Actinobacteria are spore-forming, aerobic or facultative, Gram-positive bacteria that belong to the order Actinomycetales. They are distinguished by their high DNA guanine and cytosine (G + C) content (>55 mol%) and rod-shaped or filamentous structures resembling mycelium.
From the Greek words "atkis" (a ray) and "mykes" (a fungus), "Actinomycetes" was formed. This implies that they share structural similarities with fungus, but because they are biochemically more similar to bacteria, they fall within the category of bacteria. The words "Fungus" and "Bacterium" are being linked together. Other names for them include Actinobacteria and Actinomycetota.
Table of Contents
General Characteristics of Actinobacteria
- gram-positive, rod-shaped, or filamentous in nature
- Reproduction via spore and fragmentation
- Production of substrate mycelium and aerial mycelium that resembles fungi in culture
- Pigmentation in most
- DNA has a high G+C composition (55–75%).
- Habitat ubiquitous (free-living, symbiotic, varying pH, salinity, and oxygen)
- Cell walls and filaments include mucolic acid and muramic acid.
- shorter generation time than other bacteria
- Most are non-motile
- Most don't have capsules.
Actinomycetes Life cycle
- Actinomycetes are a group of gram-positive bacteria that have a filamentous growth pattern.
- They typically live in soil and can also be found in aquatic environments.
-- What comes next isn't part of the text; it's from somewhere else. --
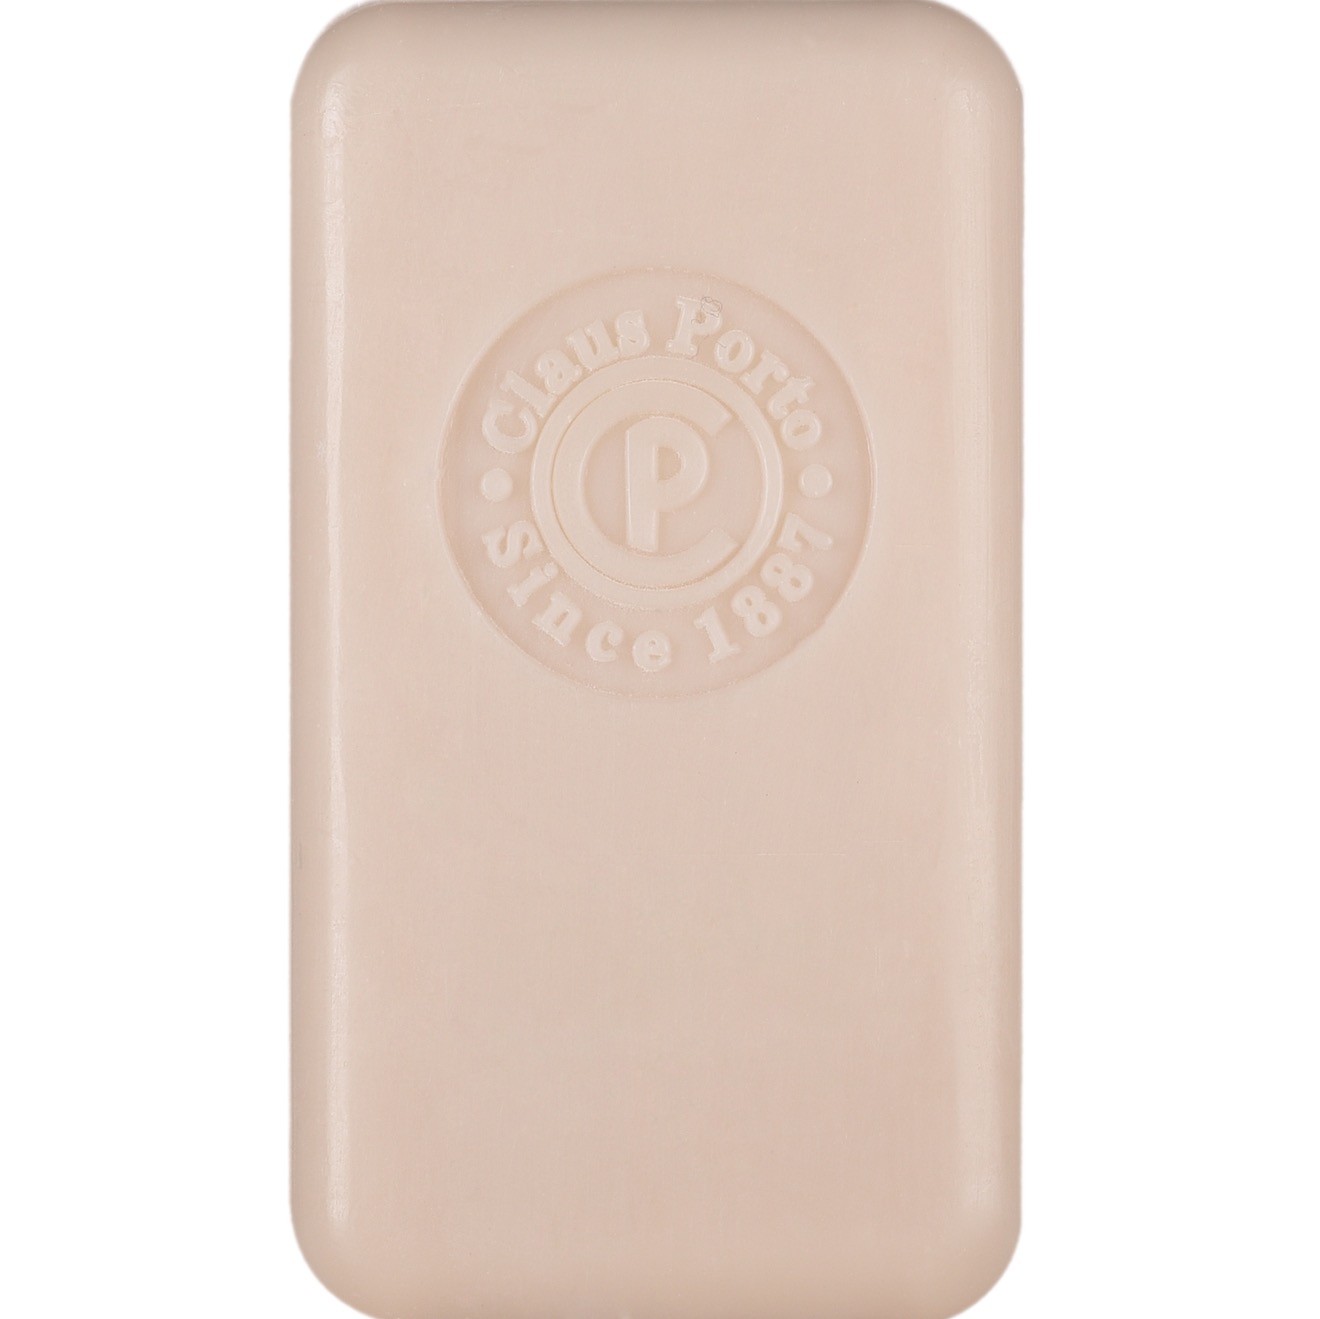 Claus Porto Mini Soap Bar 8741 Pear Sandalwood 50g - 1.3 - CP-CMS009
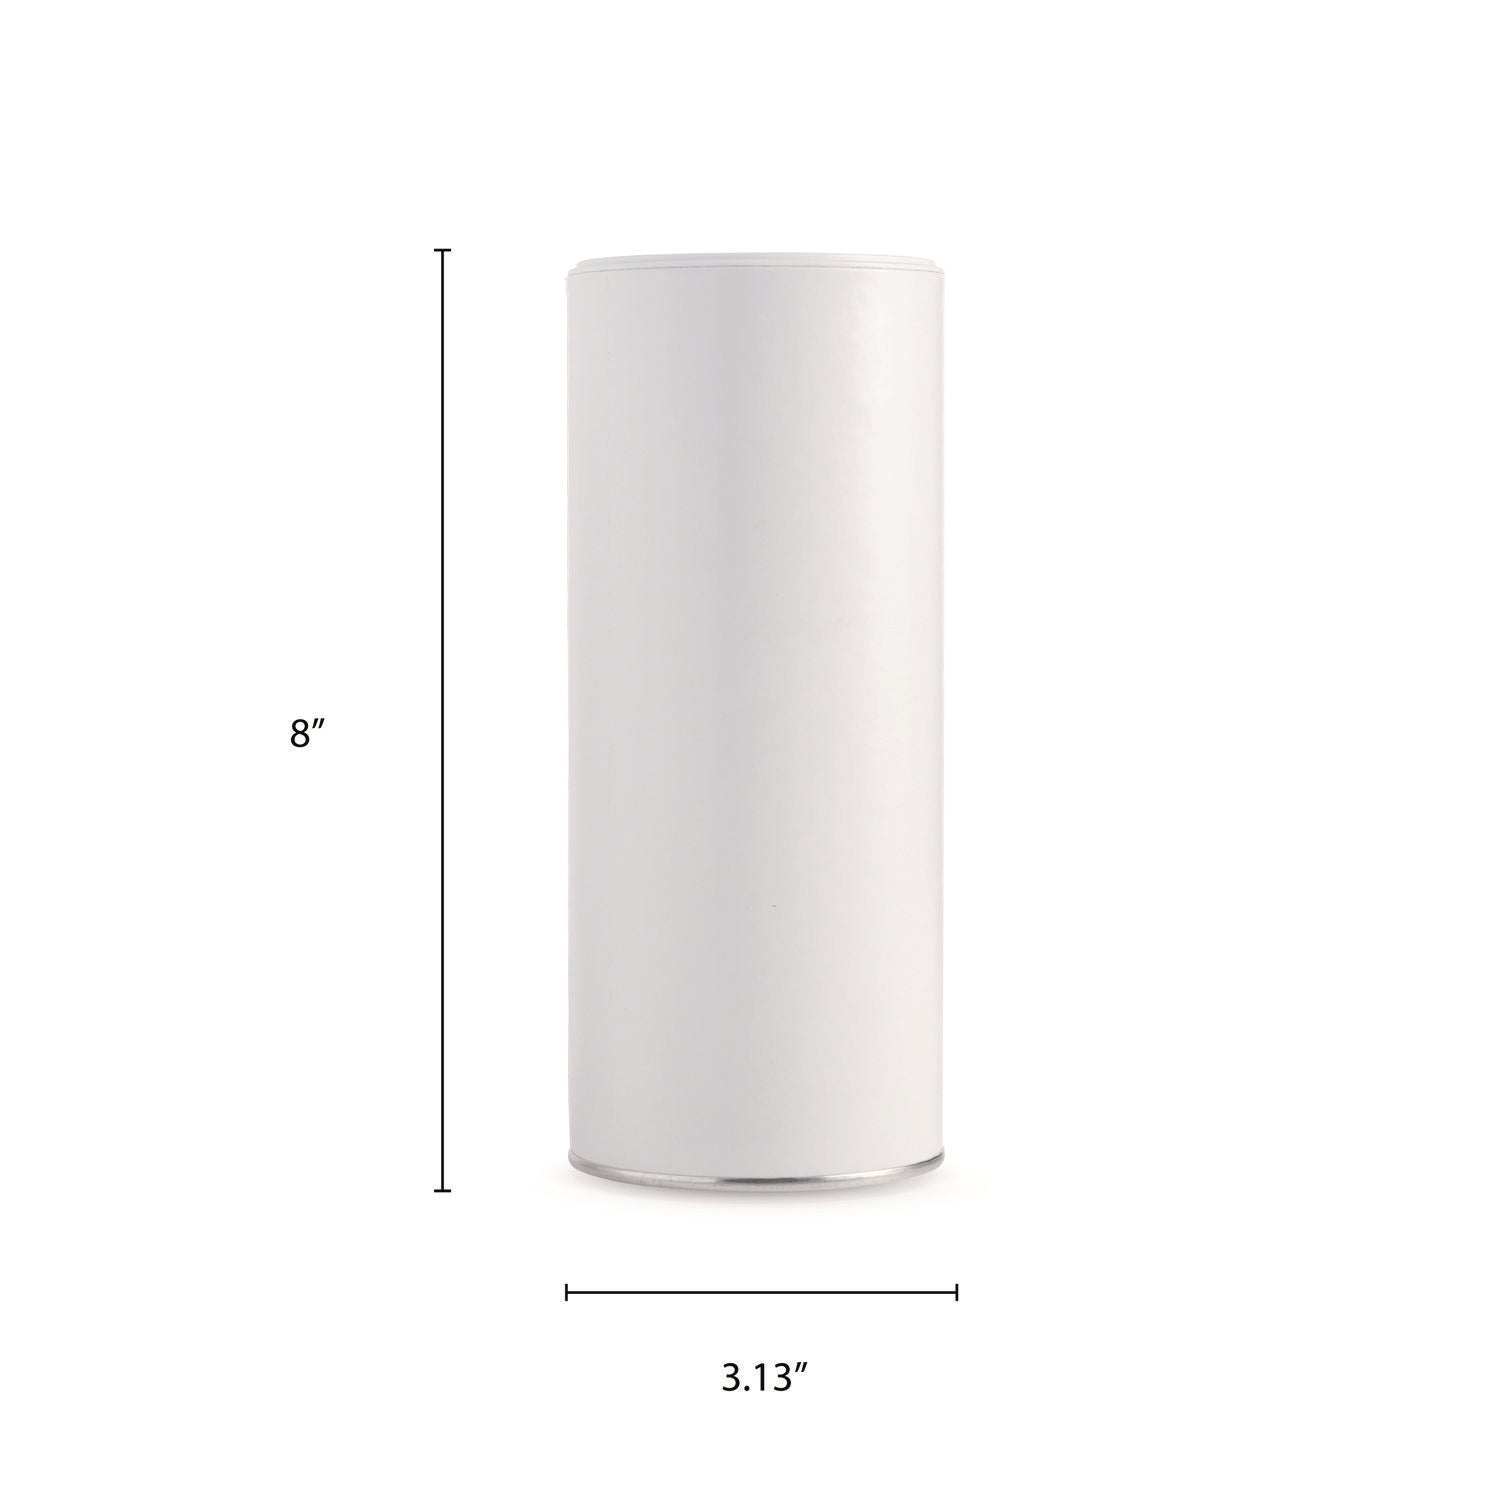 Super-Sorb Liquid Spill Absorbent, Lemon Scent, 720 oz Absorbing Volume, 12 oz Shaker Can, 6/Box - 4

- The life cycle of actinomycetes starts with the germination of spores that are released by the bacteria into the soil.
- Once the spores germinate, they grow into hyphae, which are long, branching filaments that form a network.
- The hyphae continue to grow and branch, forming a complex network called a mycelium.
- The mycelium can grow for years and can extend for meters through the soil.
- Under certain conditions, such as when nutrients are scarce, the mycelium forms spore-bearing structures called sporangia.
- The sporangia release spores into the environment, which can germinate to start the cycle again.
- Some actinomycetes are capable of producing antibiotics and other secondary metabolites, which are used in medicine and agriculture.
- Actinomycetes play an important role in soil ecology and are involved in nutrient cycling and organic matter decomposition.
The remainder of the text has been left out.